Once the pipeline was verified, we searched for peaks in the CCF at the location of PDS70 b found in Appendix B at radial velocities of RVpl = RVorbit + RVbary = 4.3−9.9 ≈−5.6 km s−1, where the first term is the radial velocity component of the Keplerian velocity with respect to the system velocity (Haffert et al. 2019) and the second term represents the barycentric velocity during the observation calculated with the PyAstronomy Python package1. Given the instrument resolution, each channel corresponds to a shift in radial velocity of ~ 30 km s−1, indicating that a higher precision in the determination of the planet radial velocity is not necessary. No signal was detected for the three molecules over the full RV range. The panels in the top row of Fig. 3 show the molecular maps at RVpl for H2O, CO, and CH4, while the CCFs at the planet position are shown in orange in the bottom row of the same figure for the three molecules.

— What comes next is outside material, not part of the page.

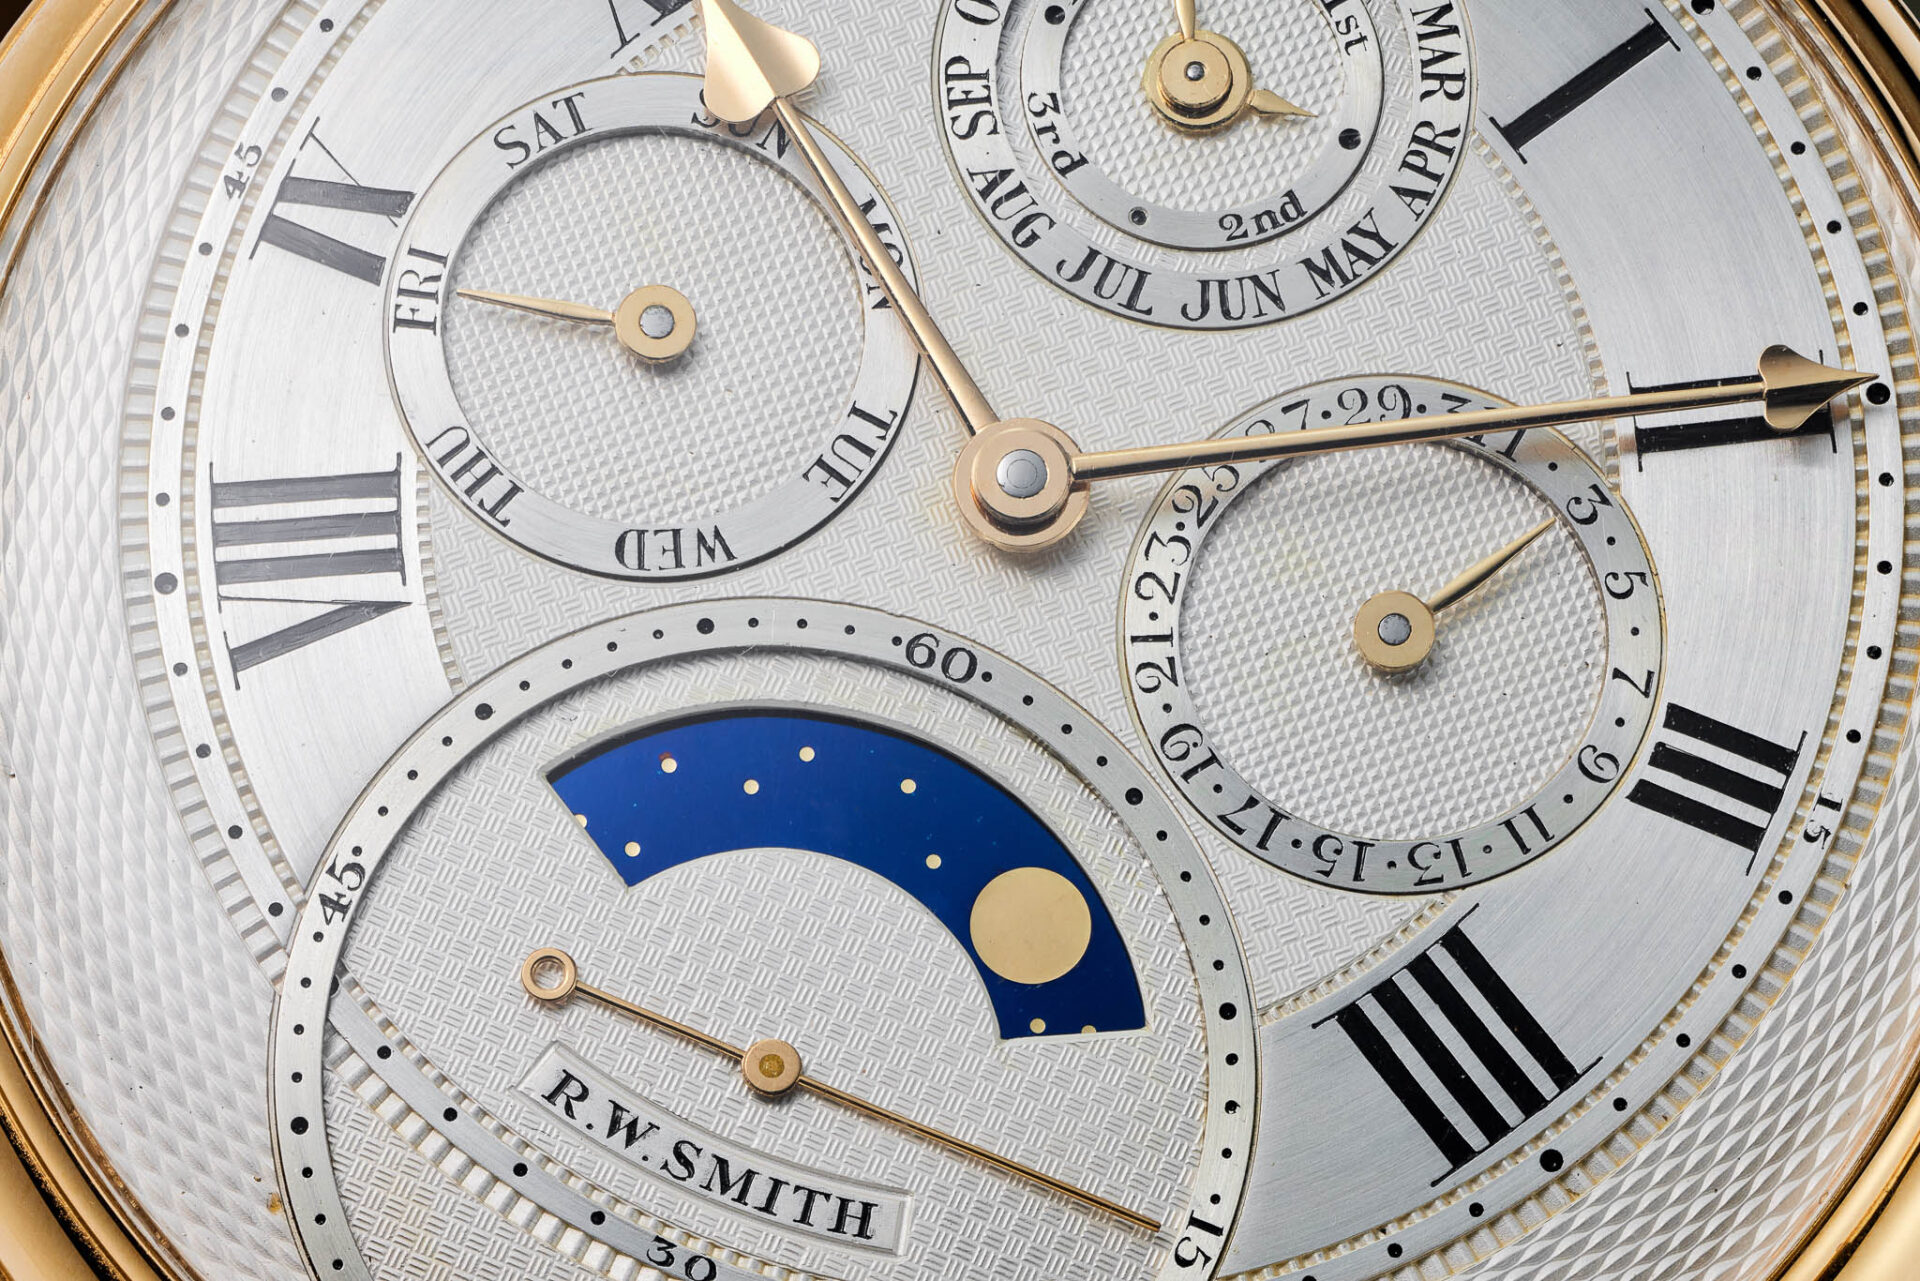 Roger Smith, montre de poche n°2 - Vente de montres Phillips des 10 et 11 juin 2023

In addition to the pixel-by-pixel approach explained above, we summed the residual flux at each channel in a circular aperture of 0.′′0275 in radius placed at the planet location to boost the S/N of molecular features. No significant peak in the CCF was detected.
4.3 Detection limits
To assess the quality of the data and the scientific relevance of the non-detection of molecules in the photosphere of PDS70 b, we estimated the limits on molecular abundances by inserting artificial companions in the data before subtracting the PSF and looking for the lowest molecular abundance that could be detected with our method. To do that, we fixed the thermal structure of the atmosphere to self-consistently calculated p–T profiles as we lack empirical constraints on the protoplanet’s thermal structure. Under this assumption, determining precise abundance limits from emission spectra is a difficult task, as changing abundances of the main absorbers theoretically involves major changes in the p–T structure and the emitted SED that could not be taken into account.
Planet spectra were generated with petitRADTRANS, with the thermal structure for Teff = 1200 K, log (g) = 3.0 from Samland et al. (2017). We varied Xmol, the mass fraction of the molecule we are looking for, while keeping the amount of H2 and He constant in the rest of the atmosphere (75% H2, 25% He). The planet was placed at a distance of 113.4 pc (Gaia Collaboration 2018) and the planet radius was assumed to be 3.0 RJ (Wang et al. 2020b; Stolker et al. 2020a). Once generated, the planet emission spectrum was Doppler-shifted by − 5 km s−1 and down-sampled to the spectral resolution of the data. Then the contrast between the injected signal and the stellar flux (estimated in Appendix D) was calculated. Finally, in each frame a copy of the stellar PSF rescaled by the contrast wasinserted in the pre-PSF-subtracted cubes at the position of PDS70 b from Appendix B. The new data with the inserted planets were reduced with the same pipeline detailed in Sect. 3.2.2, and the same templates from Sect. 4.2 were cross-correlated with the residuals to find molecular absorption features.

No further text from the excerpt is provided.